**What the task asks:** Copy the records below word for word, leaving out nothing.

**Input data:**
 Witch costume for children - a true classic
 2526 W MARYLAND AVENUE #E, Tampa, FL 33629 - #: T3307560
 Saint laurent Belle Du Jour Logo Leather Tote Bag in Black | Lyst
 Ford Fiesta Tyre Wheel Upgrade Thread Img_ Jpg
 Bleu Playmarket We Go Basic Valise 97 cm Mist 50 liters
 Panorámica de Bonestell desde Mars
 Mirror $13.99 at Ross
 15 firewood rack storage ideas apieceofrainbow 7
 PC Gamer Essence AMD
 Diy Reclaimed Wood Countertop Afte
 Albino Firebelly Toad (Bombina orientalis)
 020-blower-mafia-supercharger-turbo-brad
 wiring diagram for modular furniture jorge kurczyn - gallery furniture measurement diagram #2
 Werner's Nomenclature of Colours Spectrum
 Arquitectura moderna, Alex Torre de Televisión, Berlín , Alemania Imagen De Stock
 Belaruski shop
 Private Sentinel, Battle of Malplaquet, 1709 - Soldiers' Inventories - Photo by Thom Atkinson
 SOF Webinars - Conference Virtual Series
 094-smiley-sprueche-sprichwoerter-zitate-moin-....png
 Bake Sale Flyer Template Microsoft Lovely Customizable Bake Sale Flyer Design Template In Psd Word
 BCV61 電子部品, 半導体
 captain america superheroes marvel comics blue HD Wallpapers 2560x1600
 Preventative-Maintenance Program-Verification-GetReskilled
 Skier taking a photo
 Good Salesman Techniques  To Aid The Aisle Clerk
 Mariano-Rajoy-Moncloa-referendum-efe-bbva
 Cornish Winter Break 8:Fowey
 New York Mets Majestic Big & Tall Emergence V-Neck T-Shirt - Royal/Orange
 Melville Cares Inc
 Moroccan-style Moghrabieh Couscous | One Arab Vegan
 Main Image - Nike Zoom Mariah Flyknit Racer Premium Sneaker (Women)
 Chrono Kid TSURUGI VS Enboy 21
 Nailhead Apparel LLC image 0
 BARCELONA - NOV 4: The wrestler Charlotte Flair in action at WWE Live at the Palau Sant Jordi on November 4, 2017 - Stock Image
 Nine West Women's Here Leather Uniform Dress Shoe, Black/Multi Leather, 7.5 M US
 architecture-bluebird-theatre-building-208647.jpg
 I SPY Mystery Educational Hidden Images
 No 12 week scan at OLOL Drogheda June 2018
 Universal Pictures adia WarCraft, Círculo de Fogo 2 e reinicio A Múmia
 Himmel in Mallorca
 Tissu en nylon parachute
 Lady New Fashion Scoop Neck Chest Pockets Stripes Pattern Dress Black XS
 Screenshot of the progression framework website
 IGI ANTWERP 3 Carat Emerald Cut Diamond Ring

**Solution to this exercise:**
 Witch costume for children - a true classic
 2526 W MARYLAND AVENUE #E, Tampa, FL 33629 - #: T3307560
 Saint laurent Belle Du Jour Logo Leather Tote Bag in Black | Lyst
 Ford Fiesta Tyre Wheel Upgrade Thread Img_ Jpg
 Bleu Playmarket We Go Basic Valise 97 cm Mist 50 liters
 Panorámica de Bonestell desde Mars
 Mirror $13.99 at Ross
 15 firewood rack storage ideas apieceofrainbow 7
 PC Gamer Essence AMD
 Diy Reclaimed Wood Countertop Afte
 Albino Firebelly Toad (Bombina orientalis)
 020-blower-mafia-supercharger-turbo-brad
 wiring diagram for modular furniture jorge kurczyn - gallery furniture measurement diagram #2
 Werner's Nomenclature of Colours Spectrum
 Arquitectura moderna, Alex Torre de Televisión, Berlín , Alemania Imagen De Stock
 Belaruski shop
 Private Sentinel, Battle of Malplaquet, 1709 - Soldiers' Inventories - Photo by Thom Atkinson
 SOF Webinars - Conference Virtual Series
 094-smiley-sprueche-sprichwoerter-zitate-moin-....png
 Bake Sale Flyer Template Microsoft Lovely Customizable Bake Sale Flyer Design Template In Psd Word
 BCV61 電子部品, 半導体
 captain america superheroes marvel comics blue HD Wallpapers 2560x1600
 Preventative-Maintenance Program-Verification-GetReskilled
 Skier taking a photo
 Good Salesman Techniques  To Aid The Aisle Clerk
 Mariano-Rajoy-Moncloa-referendum-efe-bbva
 Cornish Winter Break 8:Fowey
 New York Mets Majestic Big & Tall Emergence V-Neck T-Shirt - Royal/Orange
 Melville Cares Inc
 Moroccan-style Moghrabieh Couscous | One Arab Vegan
 Main Image - Nike Zoom Mariah Flyknit Racer Premium Sneaker (Women)
 Chrono Kid TSURUGI VS Enboy 21
 Nailhead Apparel LLC image 0
 BARCELONA - NOV 4: The wrestler Charlotte Flair in action at WWE Live at the Palau Sant Jordi on November 4, 2017 - Stock Image
 Nine West Women's Here Leather Uniform Dress Shoe, Black/Multi Leather, 7.5 M US
 architecture-bluebird-theatre-building-208647.jpg
 I SPY Mystery Educational Hidden Images
 No 12 week scan at OLOL Drogheda June 2018
 Universal Pictures adia WarCraft, Círculo de Fogo 2 e reinicio A Múmia
 Himmel in Mallorca
 Tissu en nylon parachute
 Lady New Fashion Scoop Neck Chest Pockets Stripes Pattern Dress Black XS
 Screenshot of the progression framework website
 IGI ANTWERP 3 Carat Emerald Cut Diamond Ring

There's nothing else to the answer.